Supplied material:
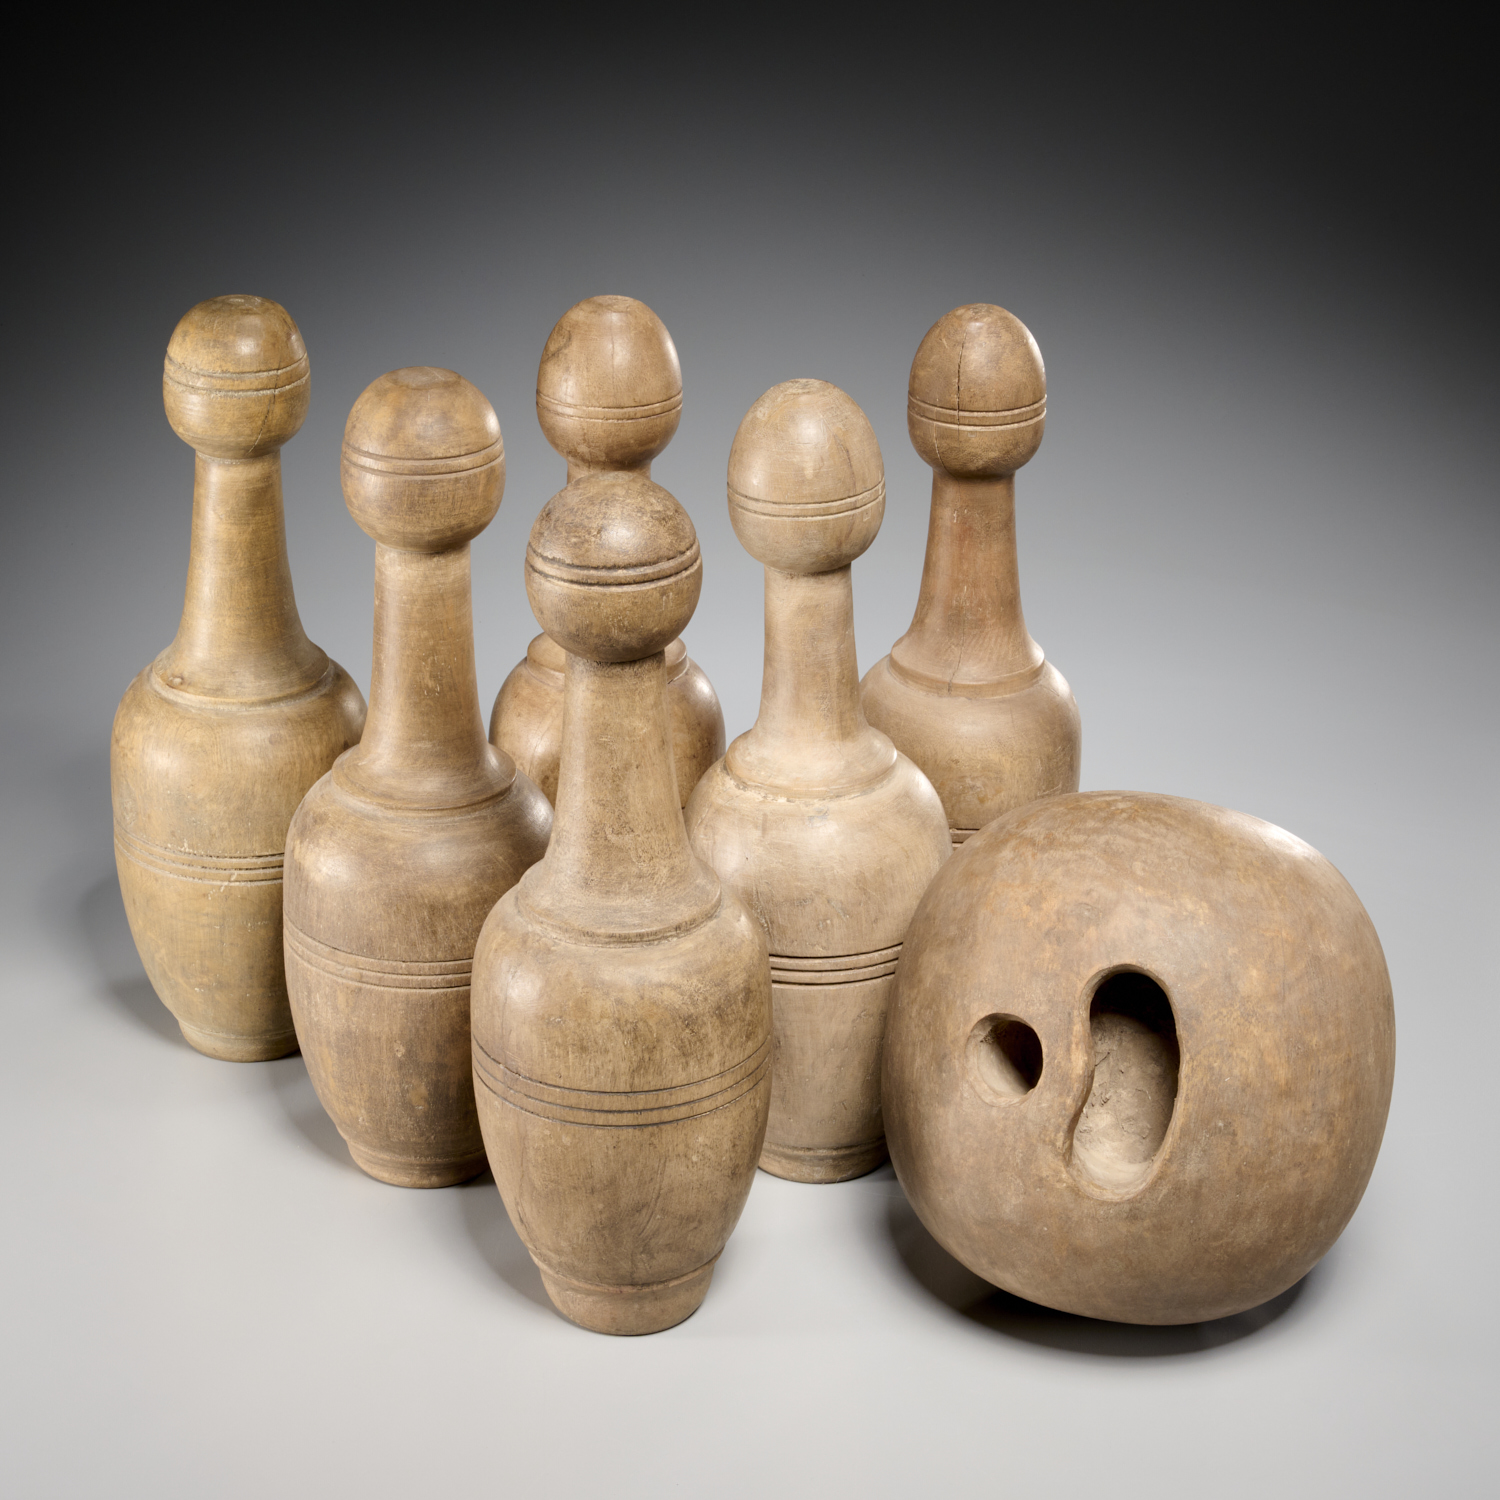 ANTIQUE WOODEN SKITTLES BOWLING 36038a
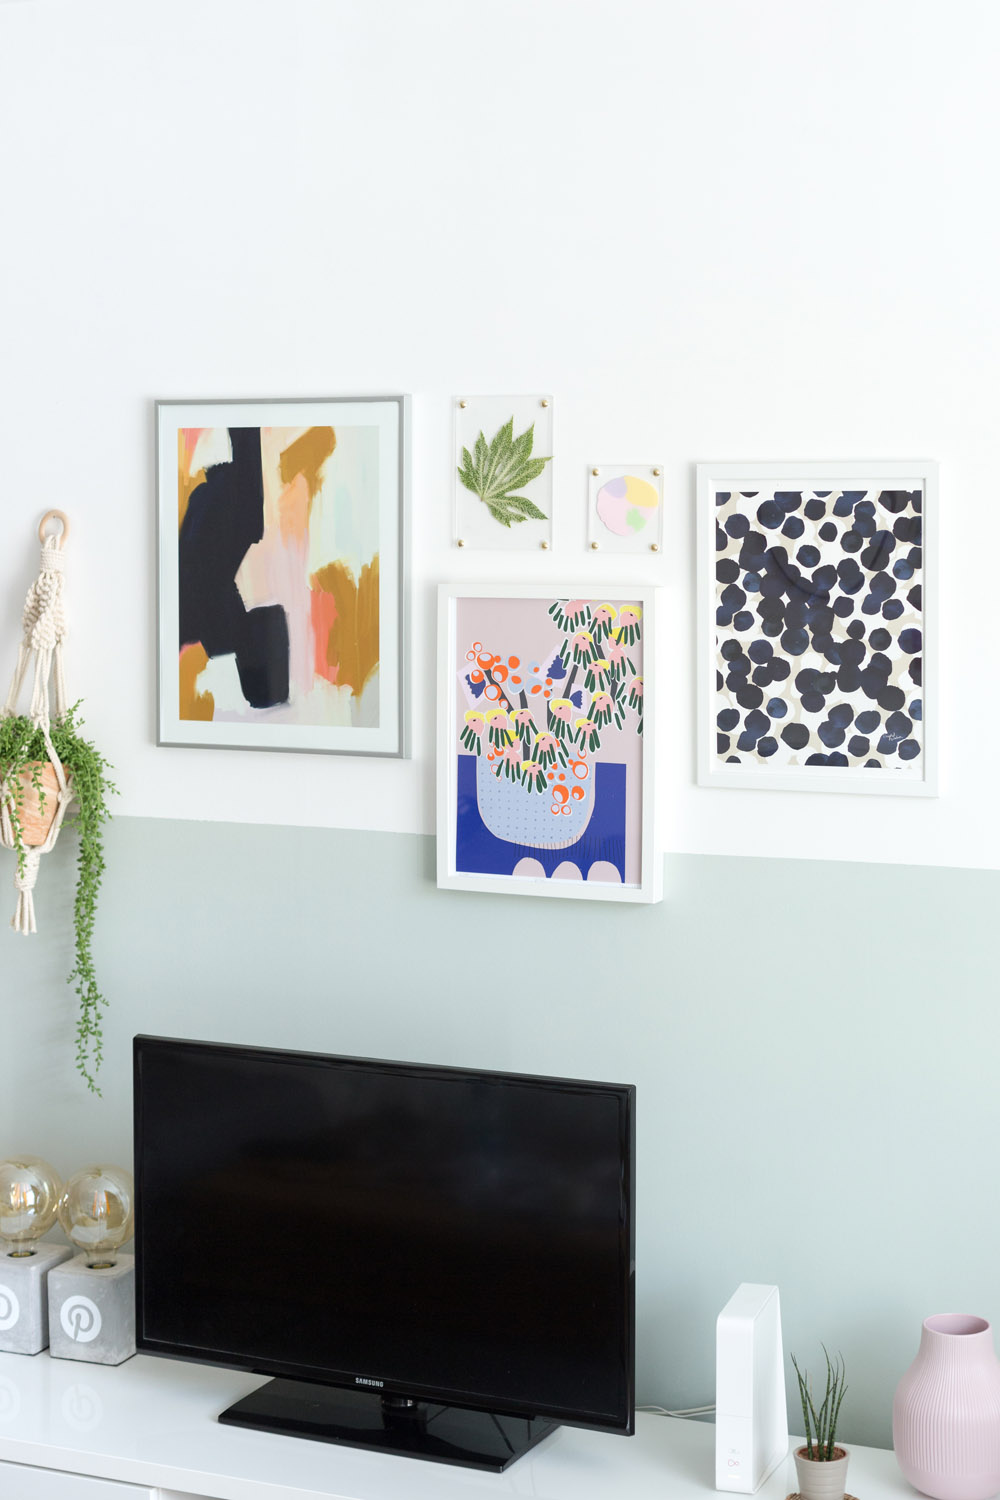 DIY No Drilling Perspex Picture Frames Made Easy with Sugru | @fallfordiy
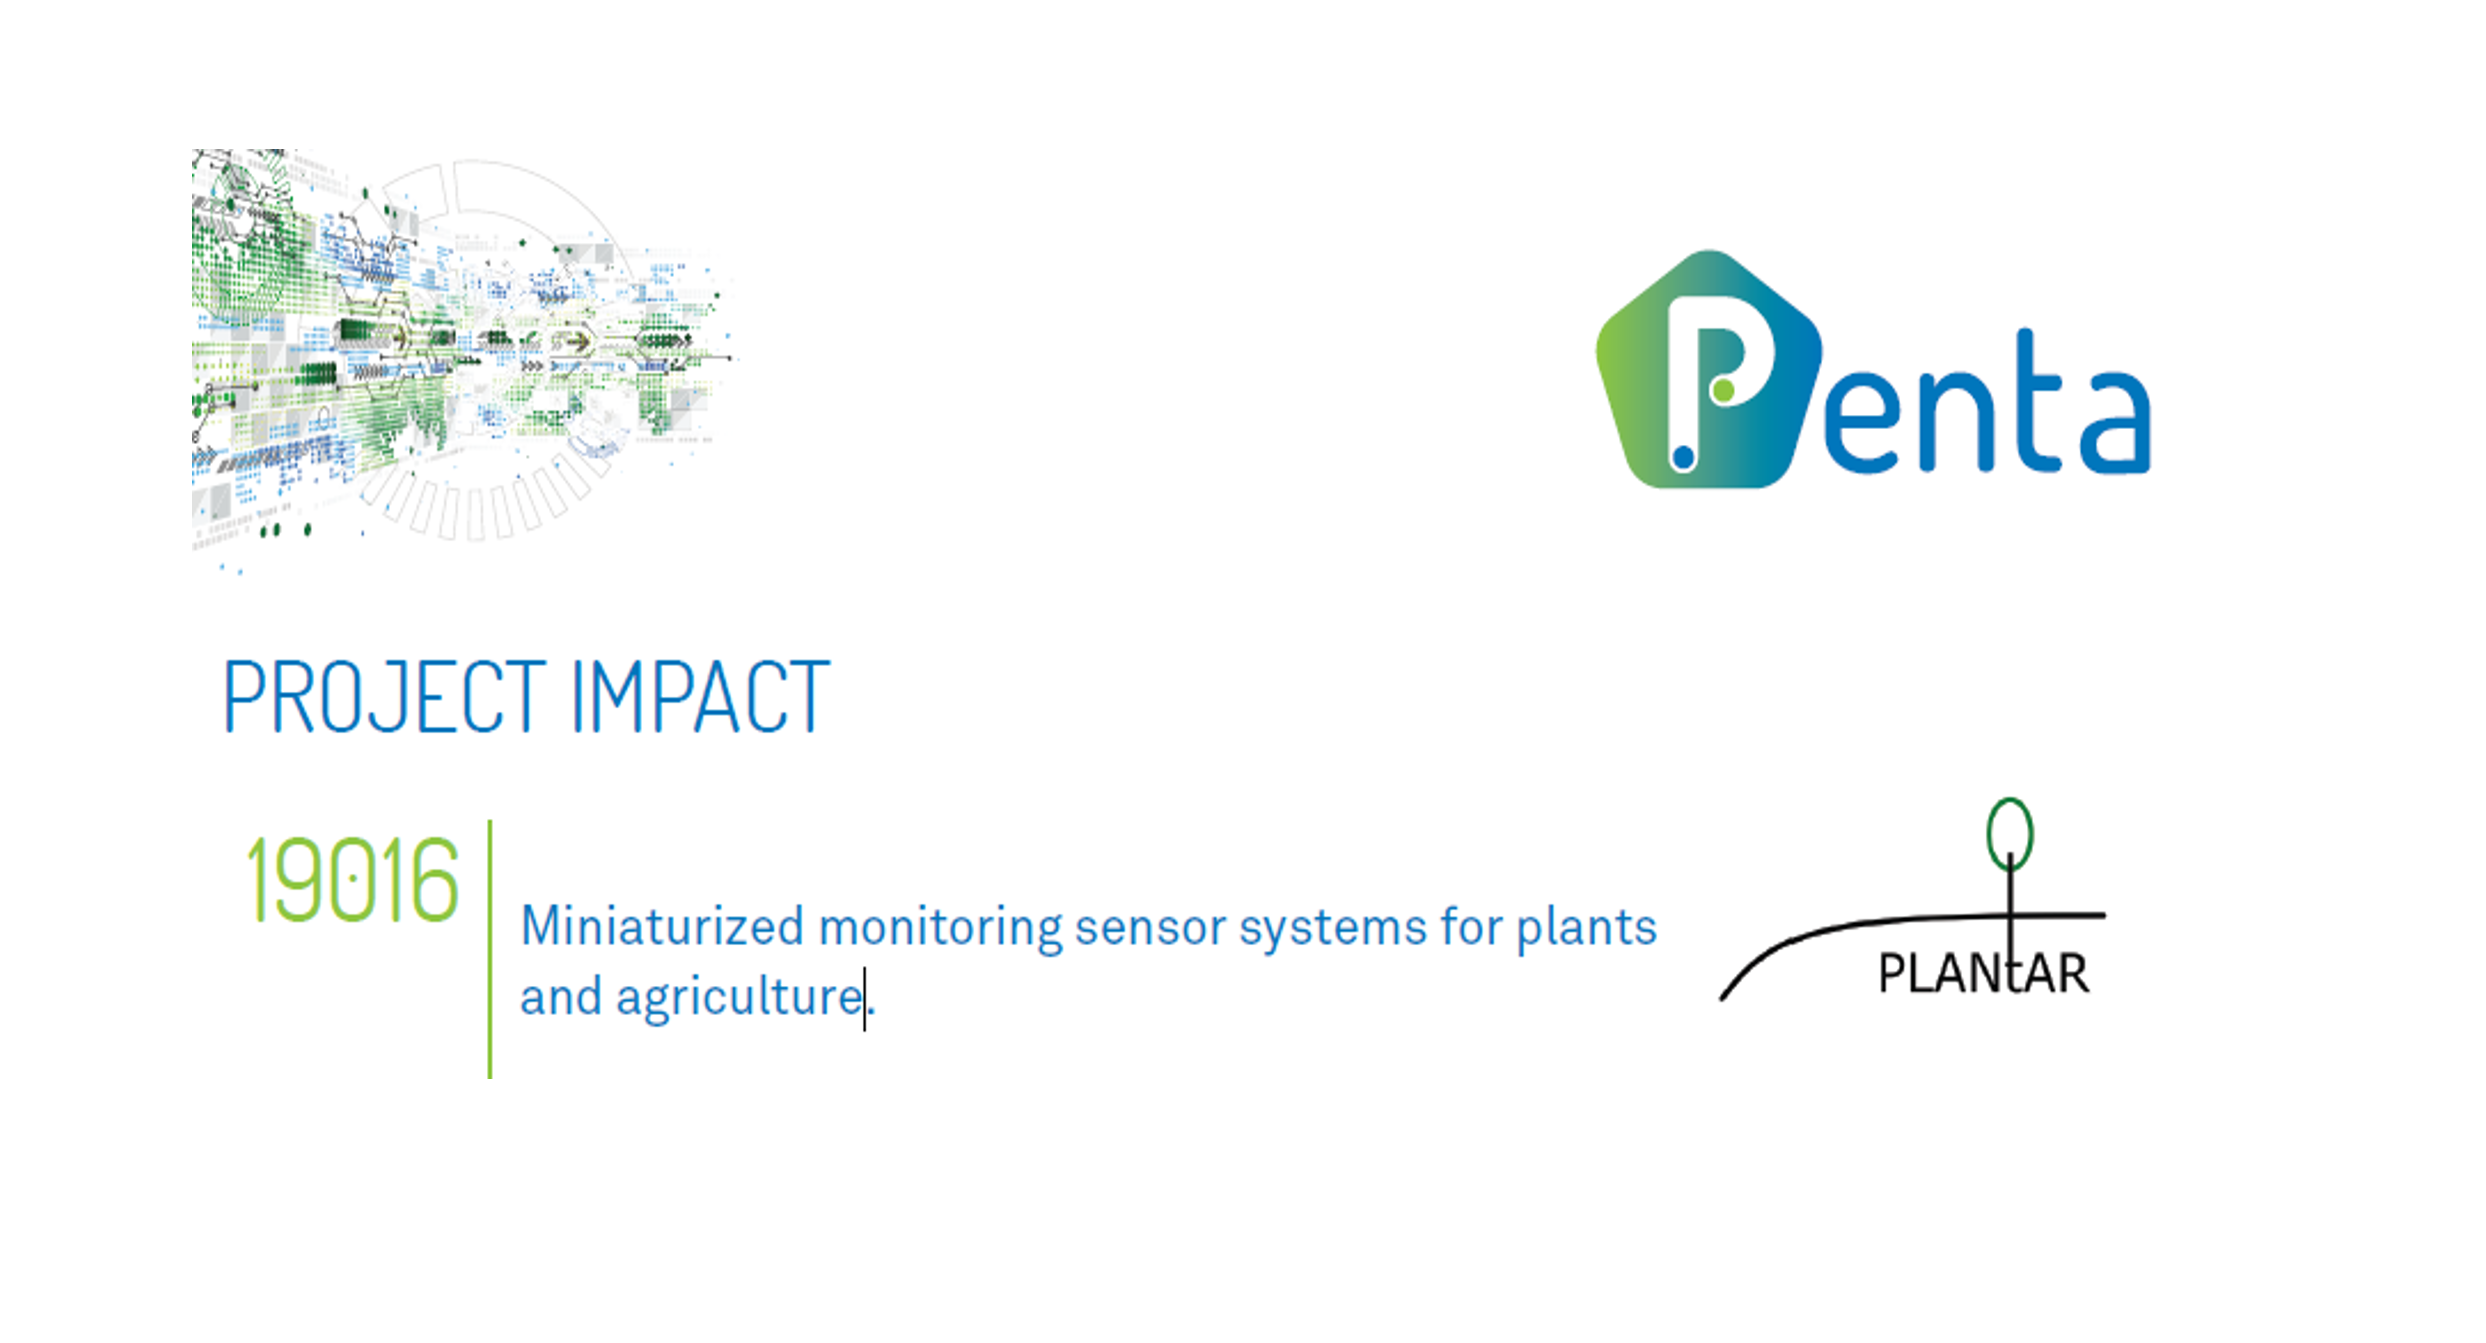 Miniaturized monitoring sensor systems for plants and agriculture - Discover the PLANtAR Project Impact

Problem description: With images omitted, output the data exactly as given.

Result:
 ANTIQUE WOODEN SKITTLES BOWLING 36038a
 DIY No Drilling Perspex Picture Frames Made Easy with Sugru | @fallfordiy
 Miniaturized monitoring sensor systems for plants and agriculture - Discover the PLANtAR Project Impact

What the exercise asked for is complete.